** COLLECTED DATA **
⁂
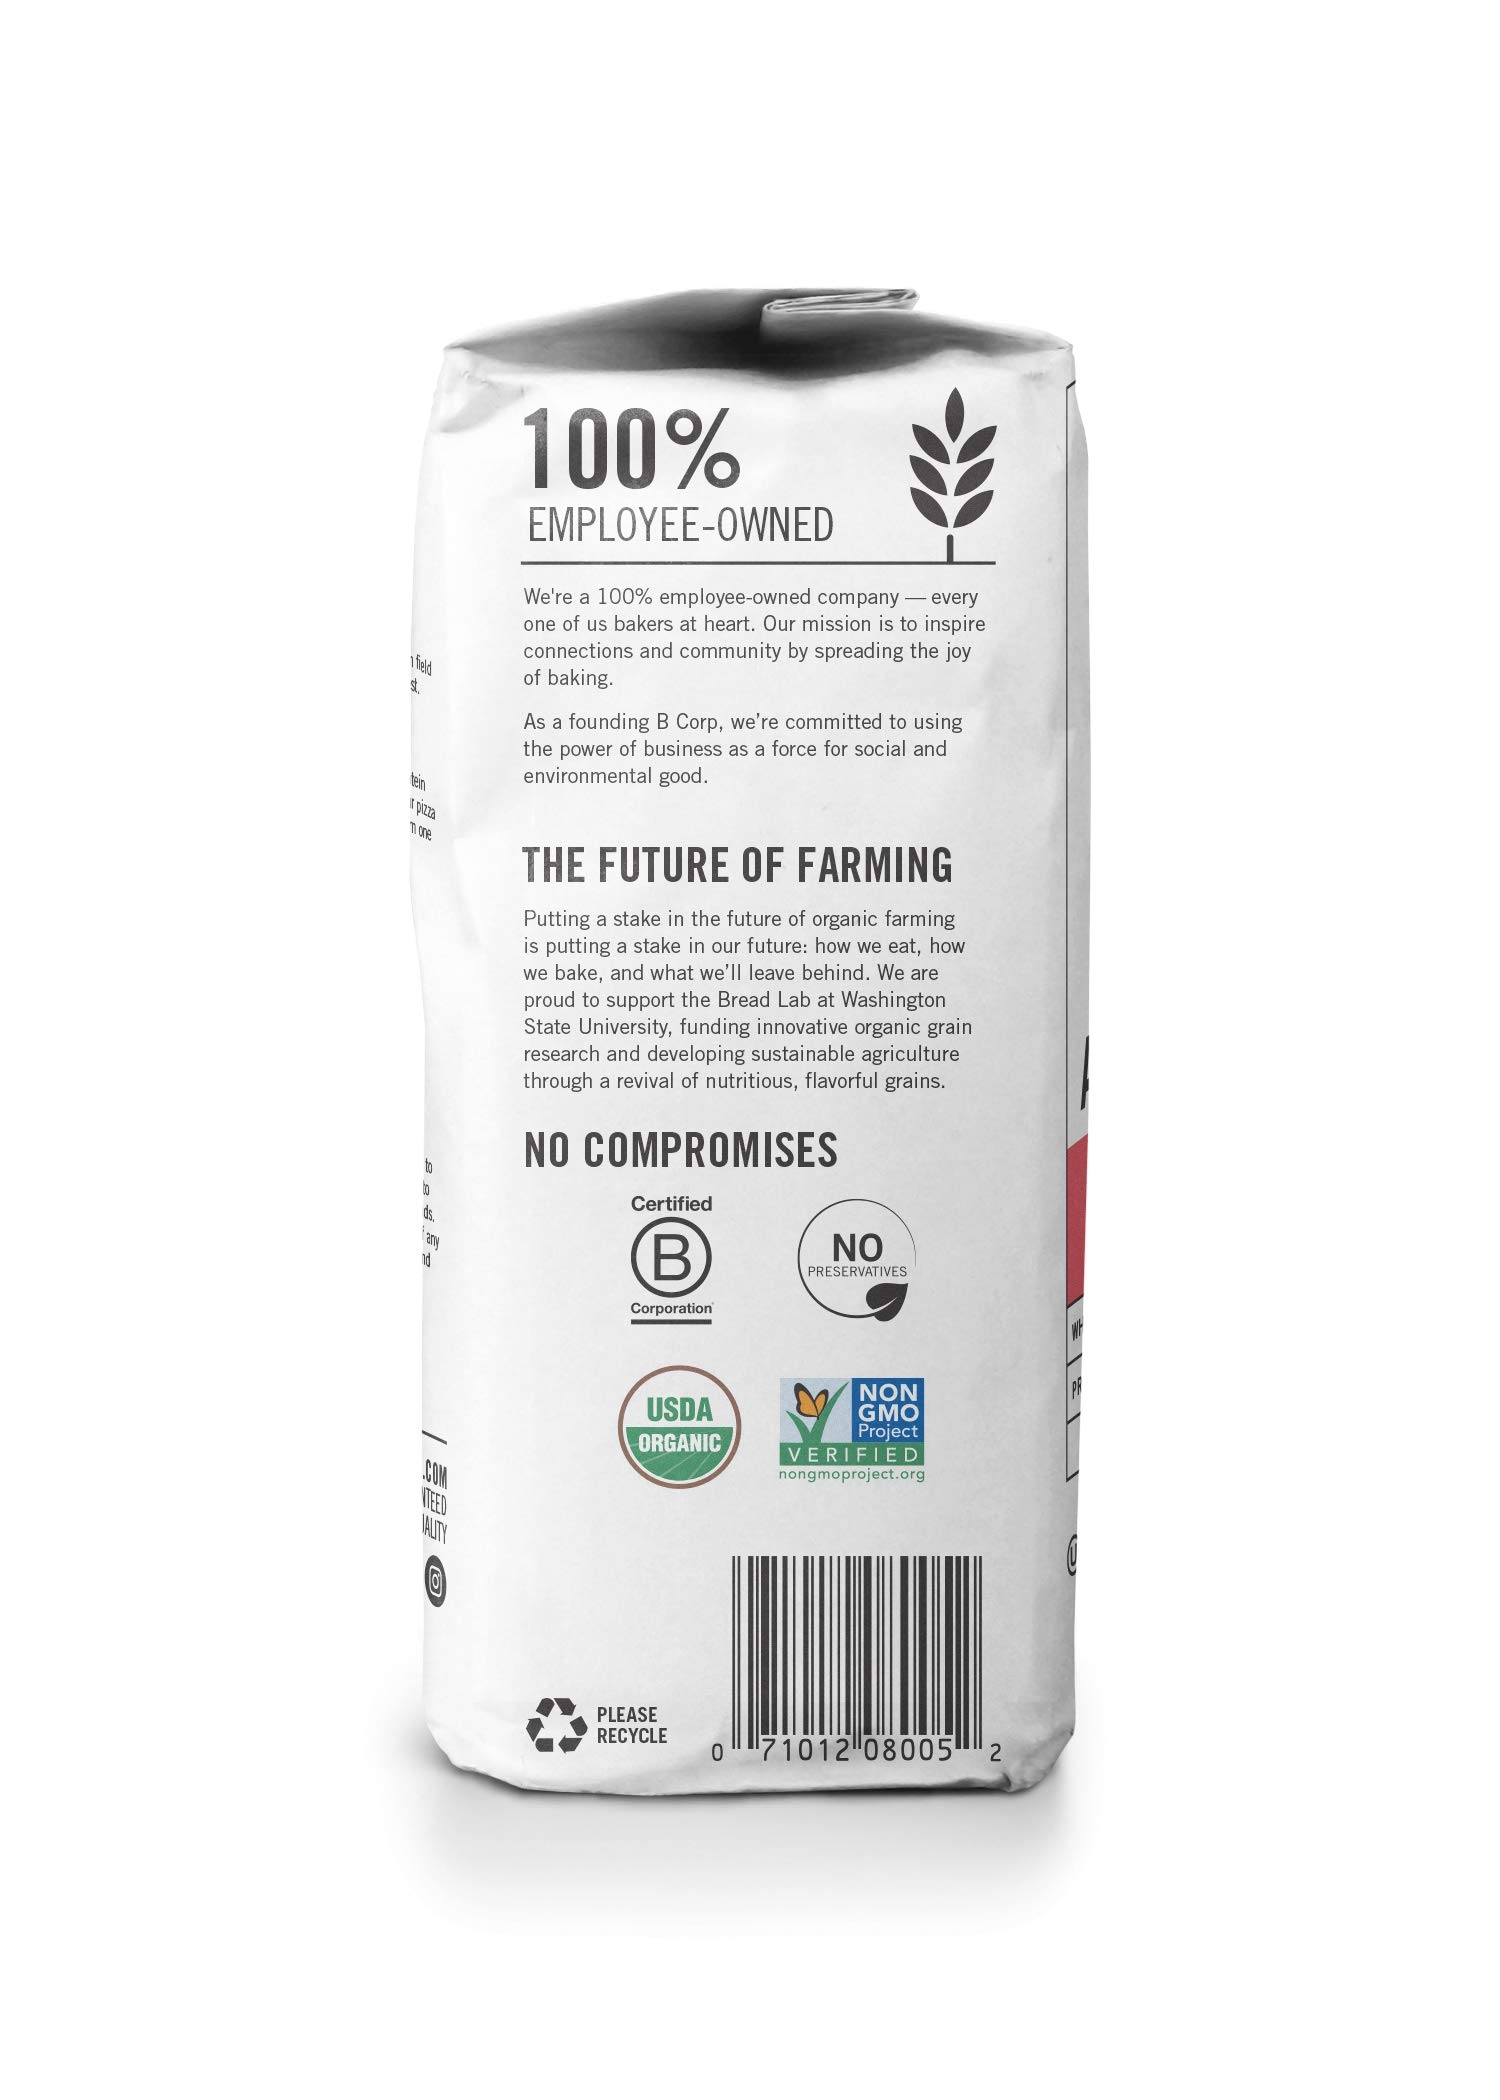 King Arthur Flour 100% Organic All-Purpose Flour, Unbleached, 2 Pound (Pack of 12) by King Arthur Flour (Image #4)
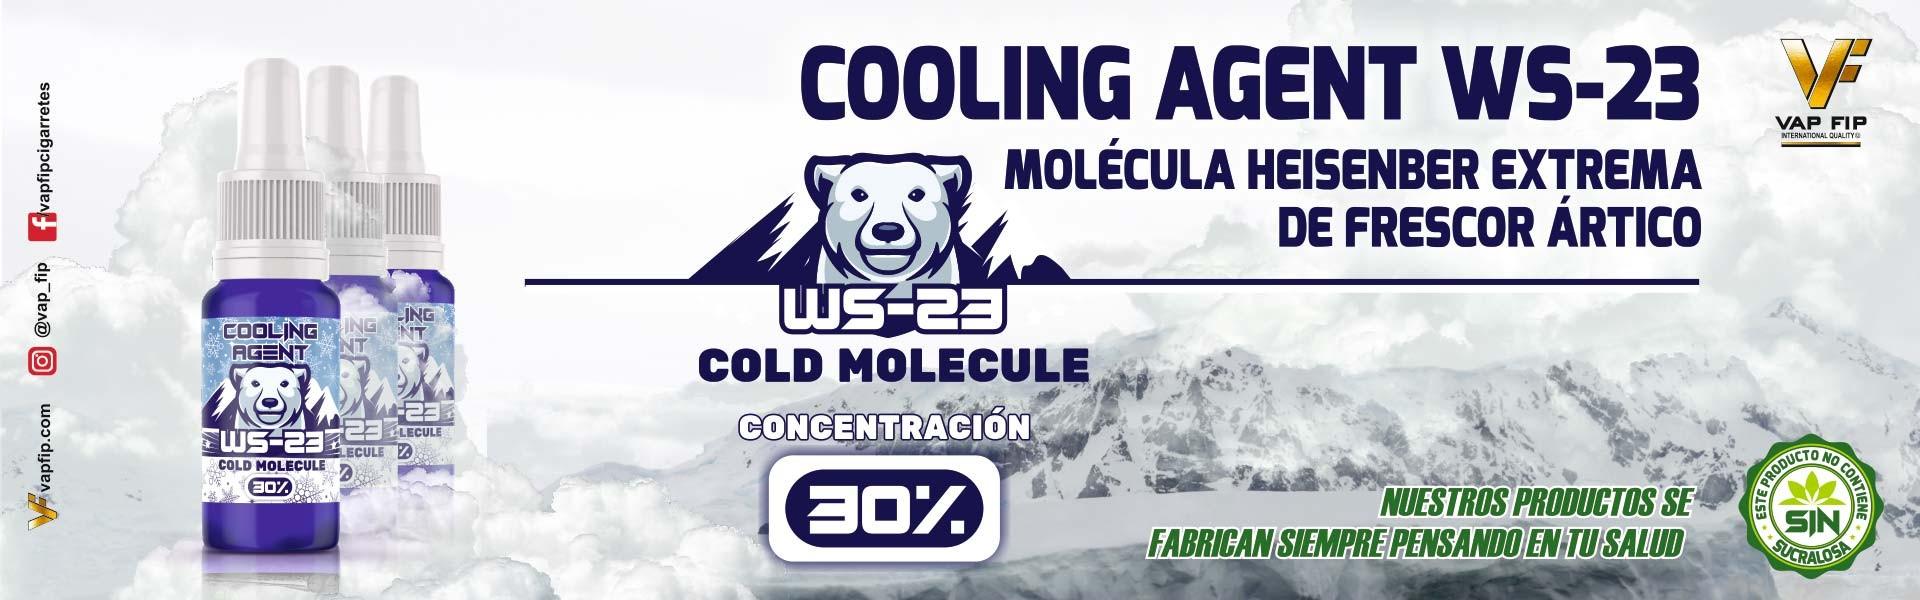 COOLING AGENT WS-23 ( MOLÉCULA DE FRESCOR)
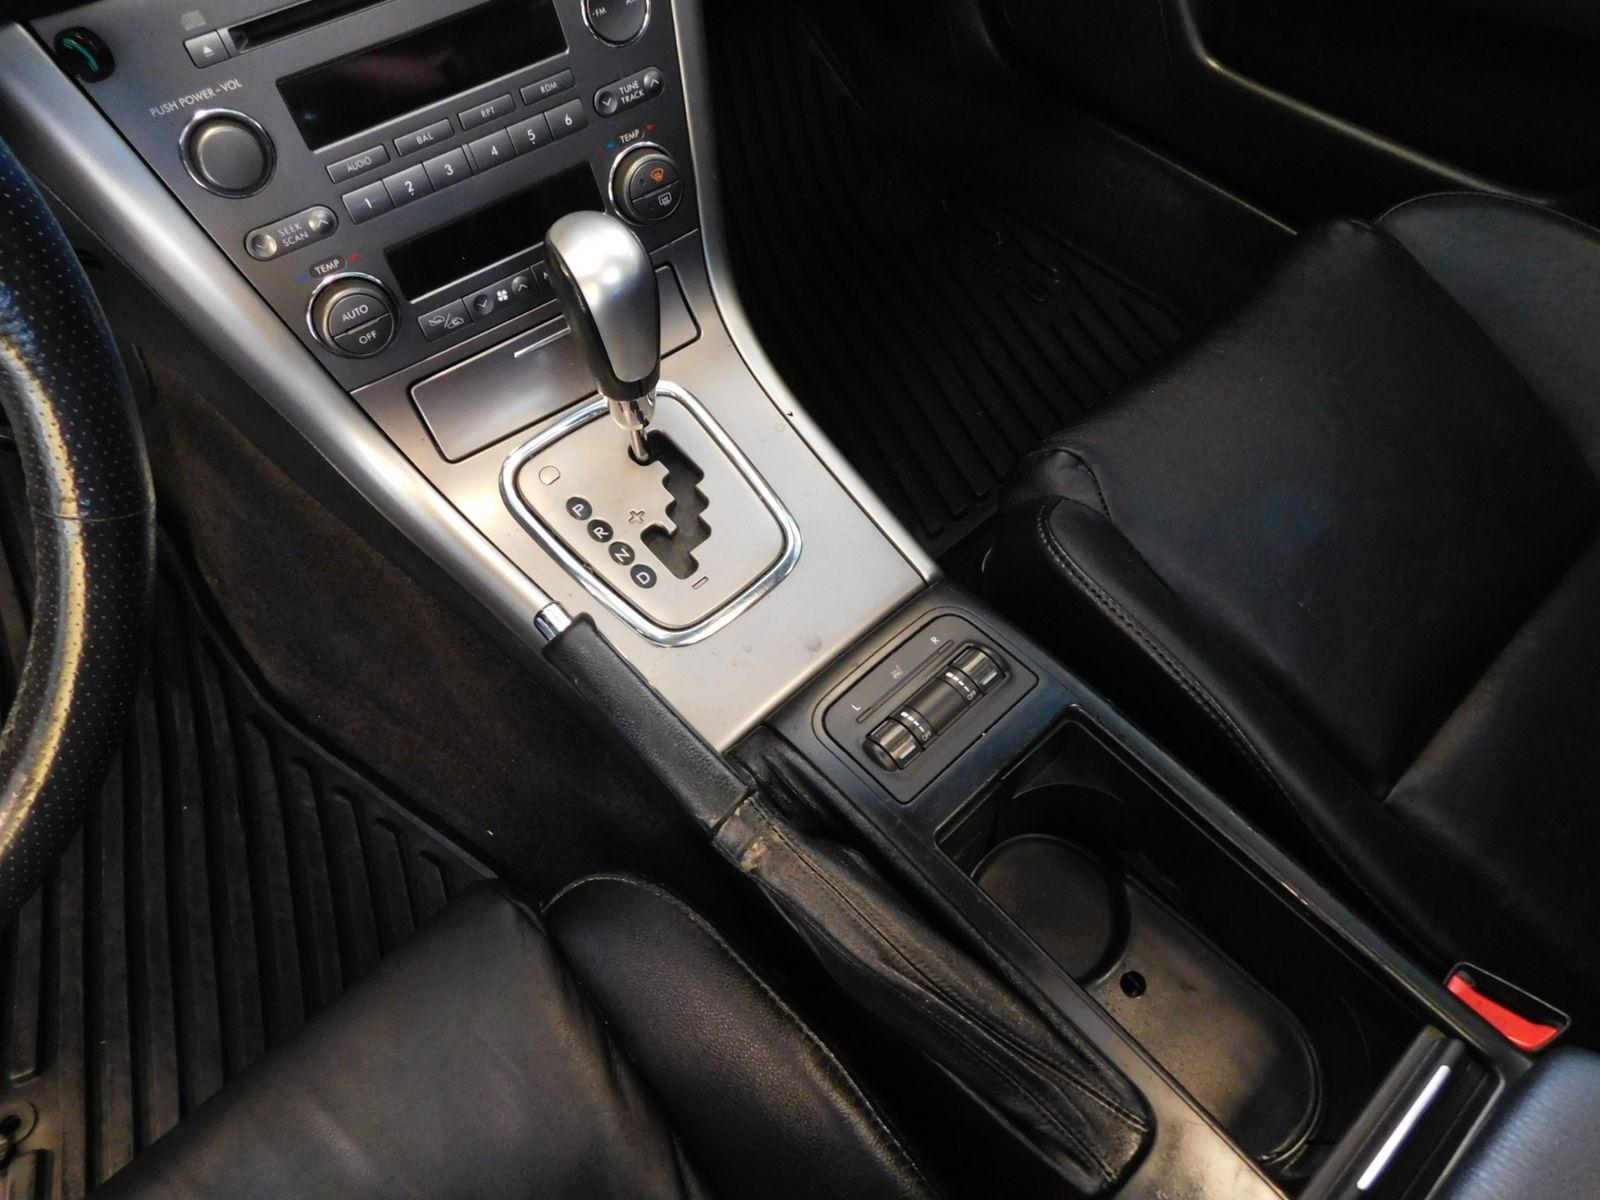 2005 Subaru Outback Ltd New Timing Belt Head Gaskets City Tn Doug Seat Wiring Justus Auto
⁂
** WHAT IS NEEDED **
Copy each line above exactly, with no images.

** YOUR RESPONSE **
 King Arthur Flour 100% Organic All-Purpose Flour, Unbleached, 2 Pound (Pack of 12) by King Arthur Flour (Image #4)
 COOLING AGENT WS-23 ( MOLÉCULA DE FRESCOR)
 2005 Subaru Outback Ltd New Timing Belt Head Gaskets City Tn Doug Seat Wiring Justus Auto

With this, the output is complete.